2

   Это выглядит неестественным и слегка заторможенным, напоминает кисель, который не пережил первых дней зимы, быстро застыв на подоконнике, – то как жару сменяет холод дождливых дней. И казалось бы, что особенного-то: перемена перемен суть возвращение мира к самому себе. Но так говорят лишь самоуверенные люди, напрасно в себе уверенные люди.

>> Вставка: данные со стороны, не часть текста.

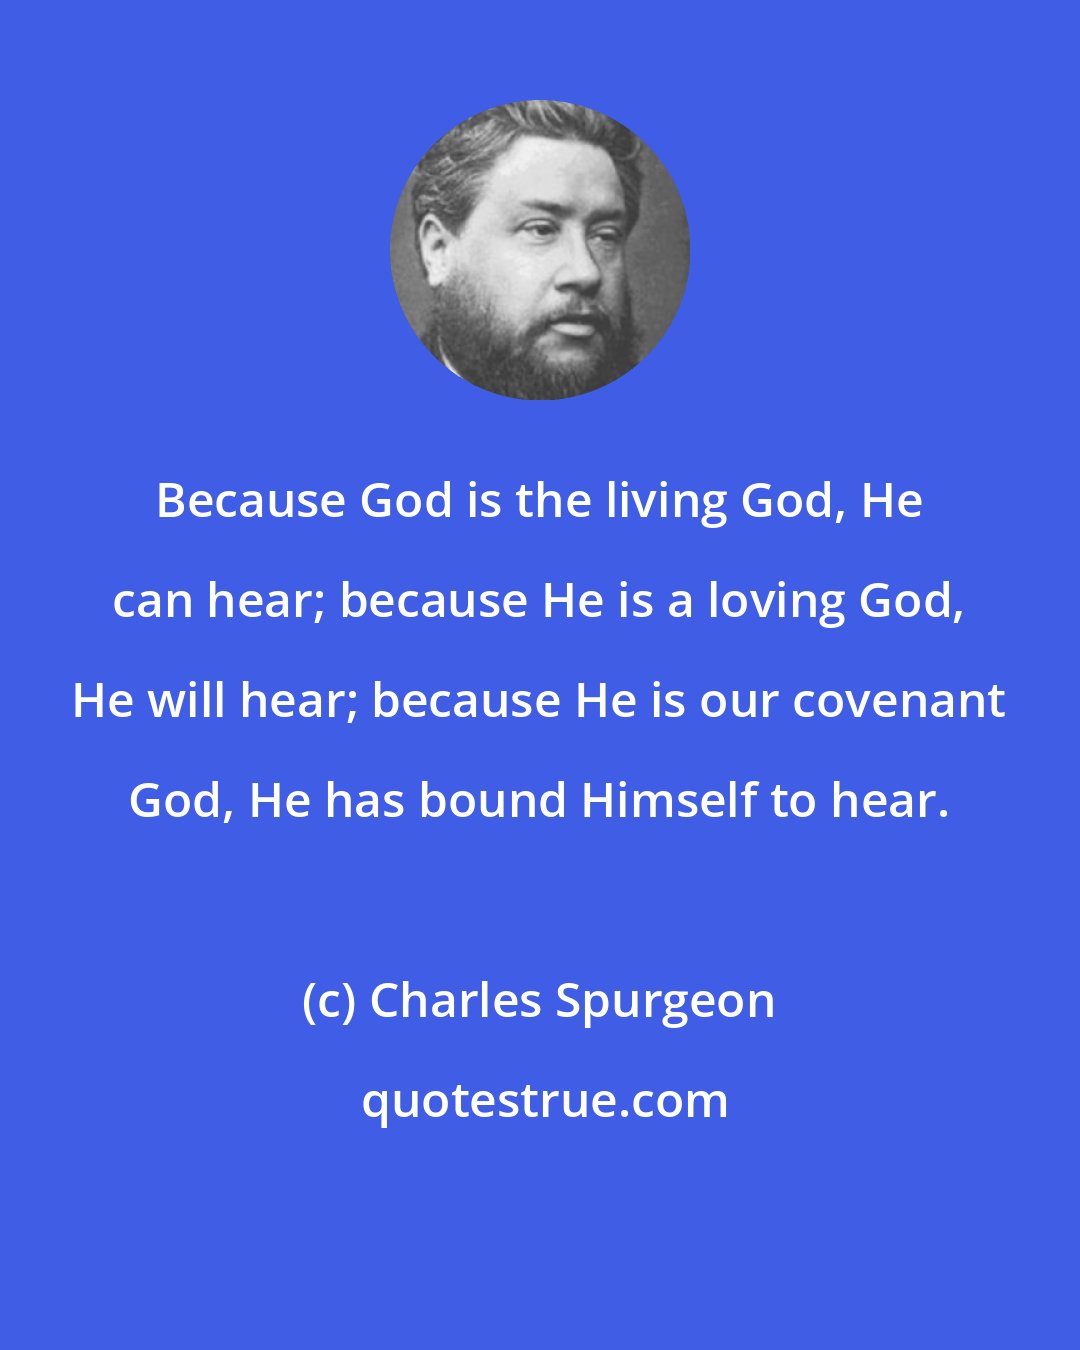 Charles Spurgeon: Because God is the living God, He can hear; because He is a loving God, He will hear; because He is our covenant God, He has bound Himself to hear.

Любое изменение происходит неестественно.
   Дождь льет уже второй день, прекращаясь только для того, чтоб воздух успел еще больше остыть. А я не могу смотреть на все это иначе, как сквозь невидимую линзу “закатной” и какой-то лживой тоски, чье влияние на мое пребывание среди людей немного волнующе, и захватывает, мне кажется, вполне очевидным энтузиазмом, какой нигде, кроме ложных впечатлений и не проявляется. Дождь все тянет в себя.
   Кто еще может быть так эгоистичен?
   Стекло в окне стало, по-моему, более блеклым. Оно уже не прозрачно. Хоть его и вымыли начисто, даже следов прикосновения пальцев на нем нет. Стекло напоминает скрытый от зрения барьер, который просто следует перепрыгнуть. Или нет. Не так. А так, будто стекло – это планка, которую нужно достичь. Когда-то мой друг подобным образом определил Бога. Что ж, смешно, но мой Бог – это стекло в окне.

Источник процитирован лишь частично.